- [DIRECTIONS] From the listing below, restate word for word the lines from the line containing "Woebot Logo" down through the line containing "IMG 20170928 194607". Exclude pictures.

- [INFORMATION PROVIDED]
----

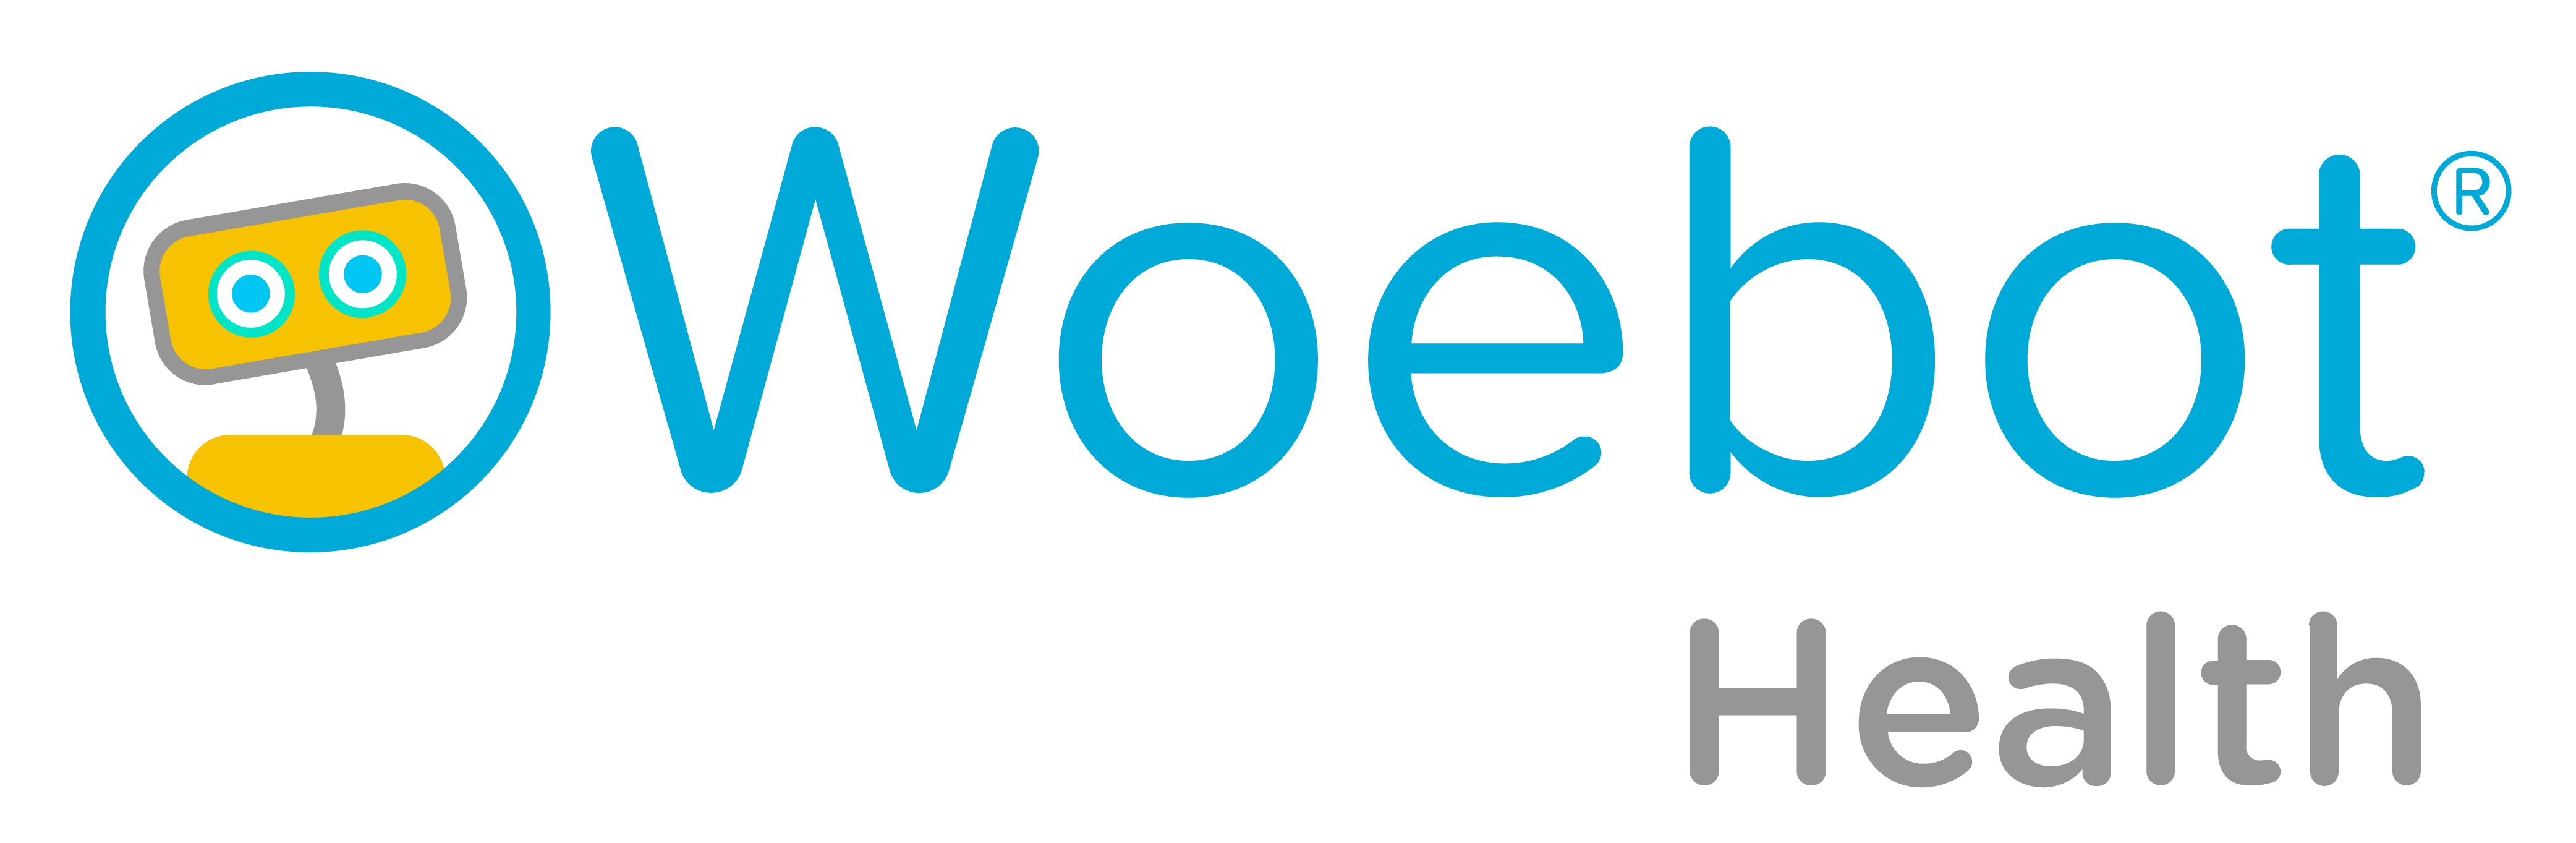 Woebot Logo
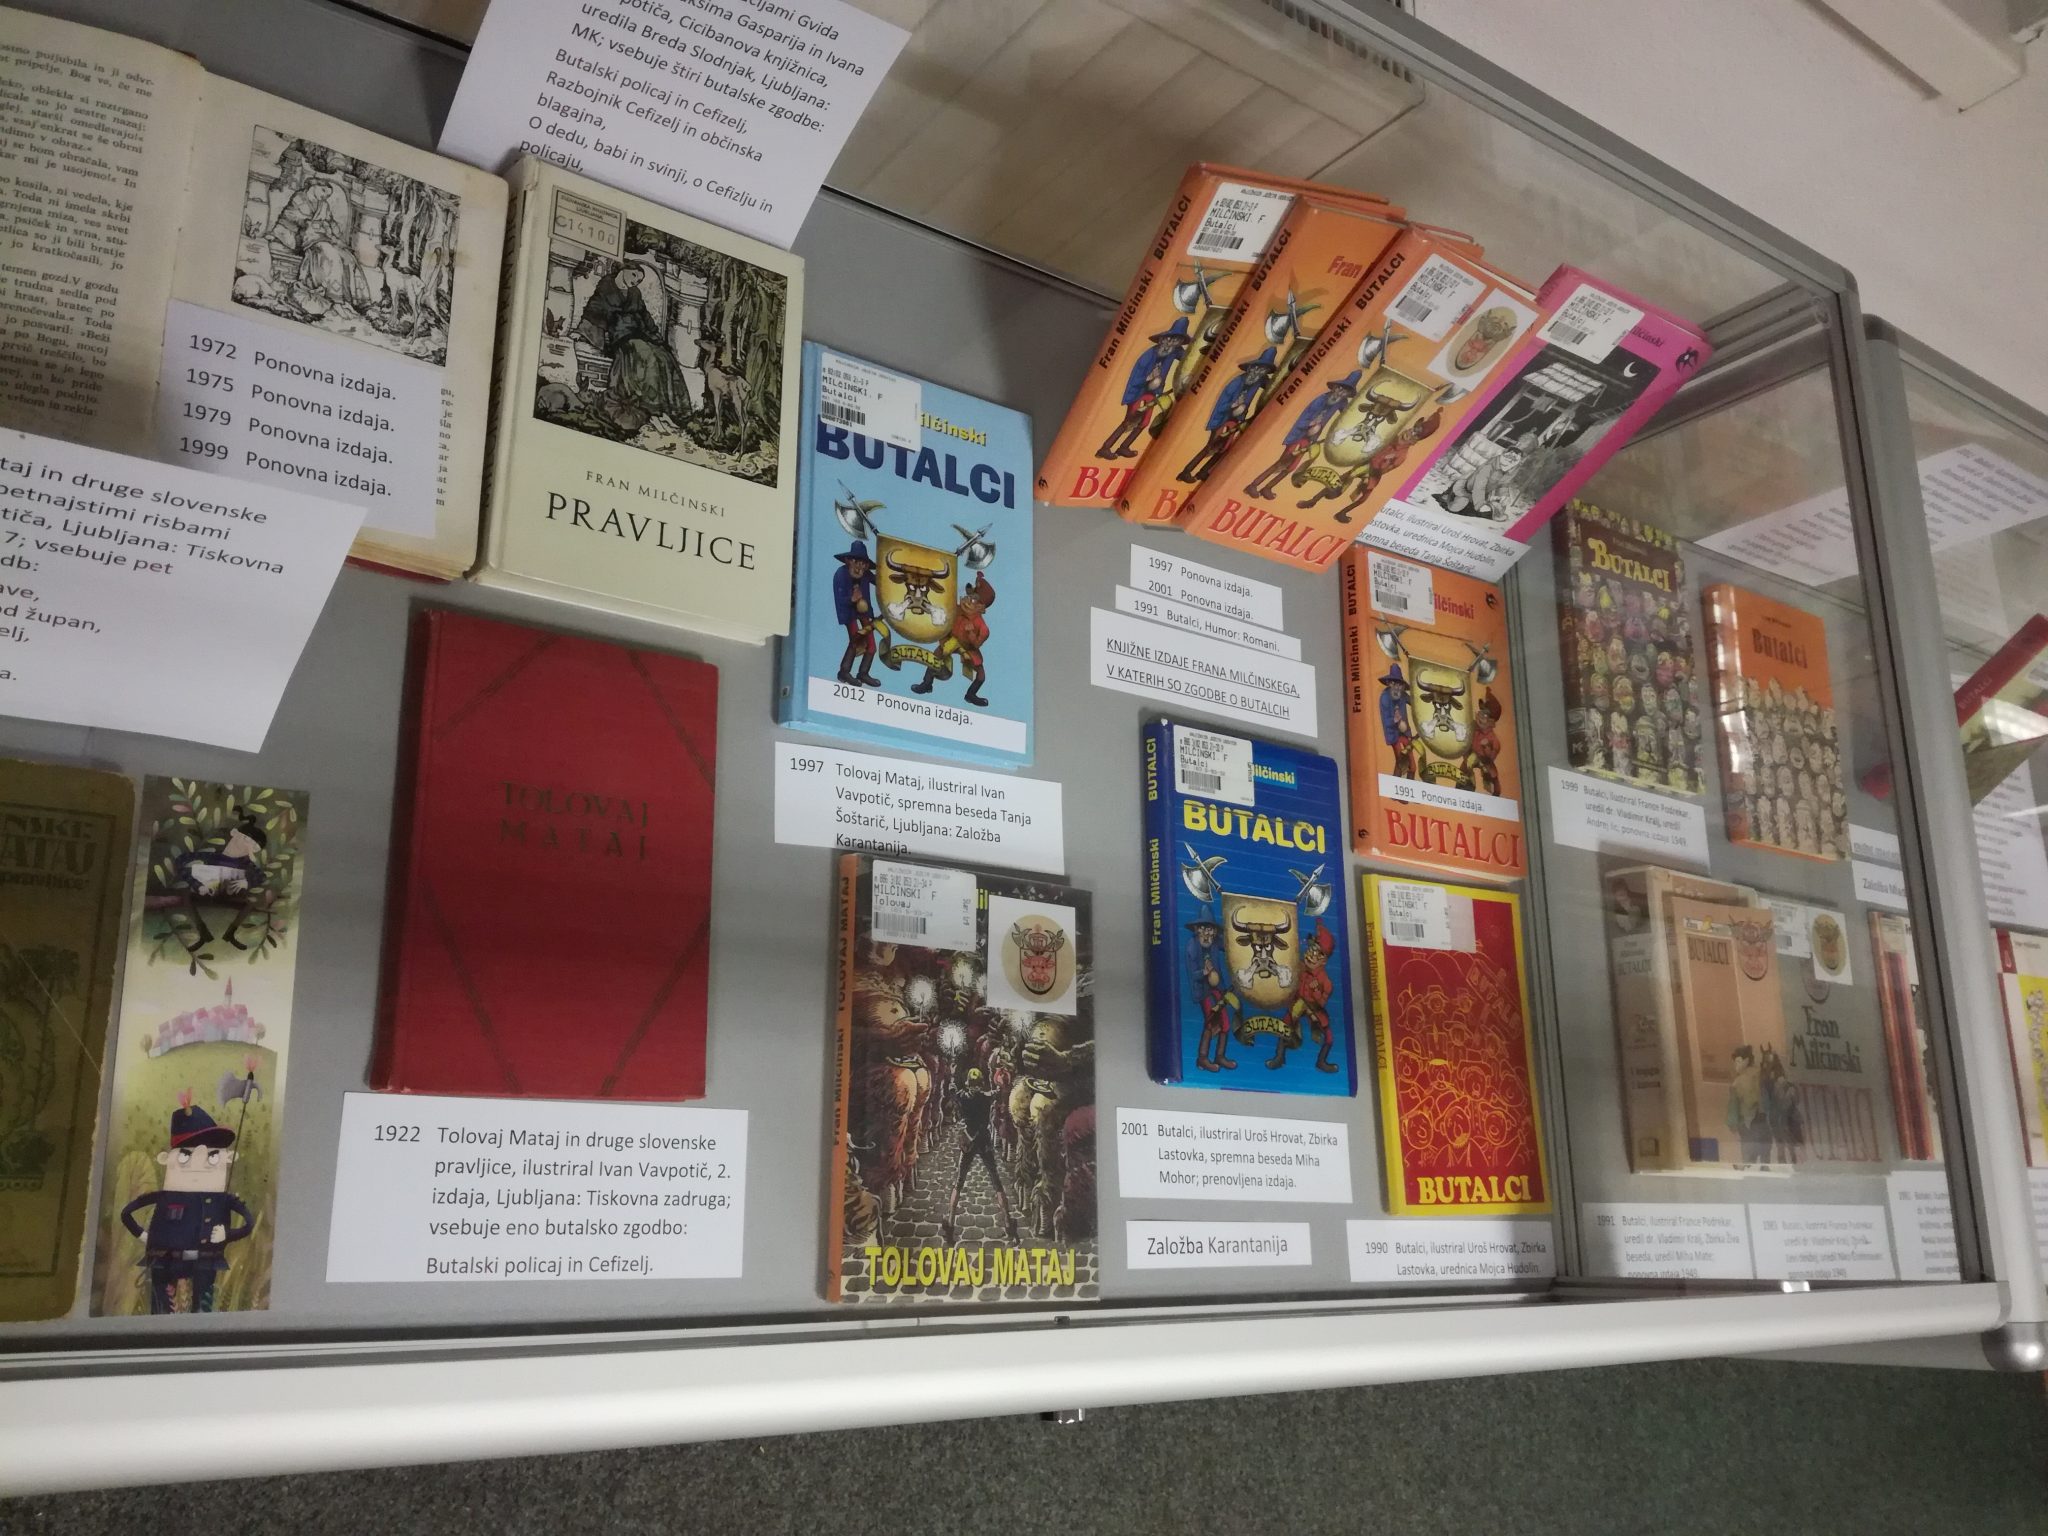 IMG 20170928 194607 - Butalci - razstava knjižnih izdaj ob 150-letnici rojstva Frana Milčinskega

----

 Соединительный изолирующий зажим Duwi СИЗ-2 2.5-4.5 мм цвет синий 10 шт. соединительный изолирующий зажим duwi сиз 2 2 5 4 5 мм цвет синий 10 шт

----

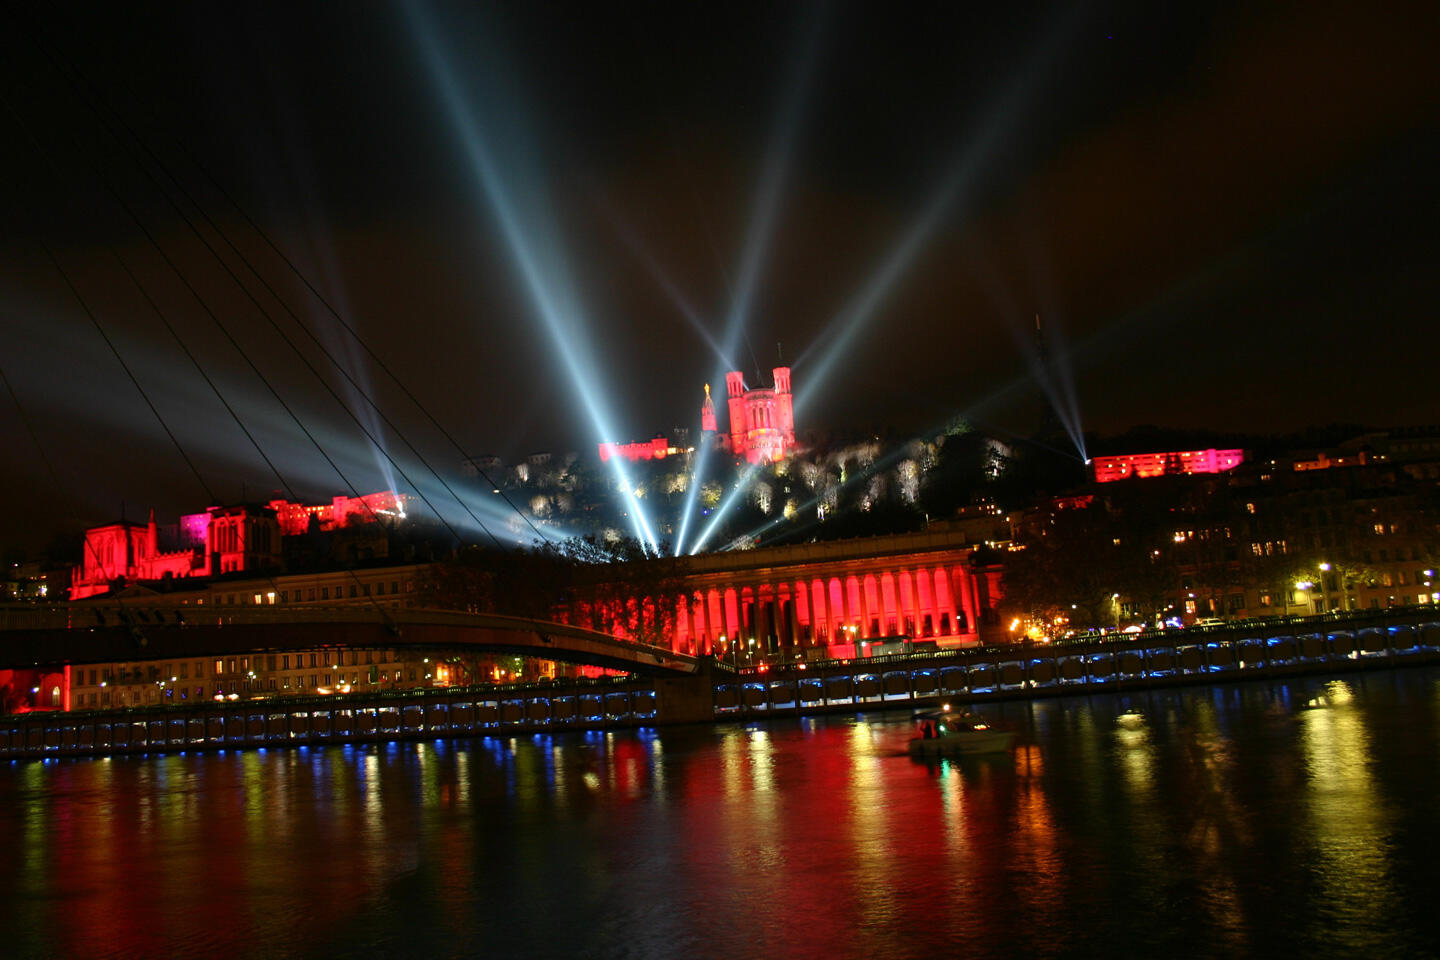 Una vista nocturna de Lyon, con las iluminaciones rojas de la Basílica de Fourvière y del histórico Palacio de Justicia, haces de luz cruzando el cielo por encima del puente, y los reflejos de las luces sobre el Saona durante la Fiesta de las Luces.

----

- [ANSWER TO THIS PROBLEM]
 Woebot Logo
 IMG 20170928 194607 - Butalci - razstava knjižnih izdaj ob 150-letnici rojstva Frana Milčinskega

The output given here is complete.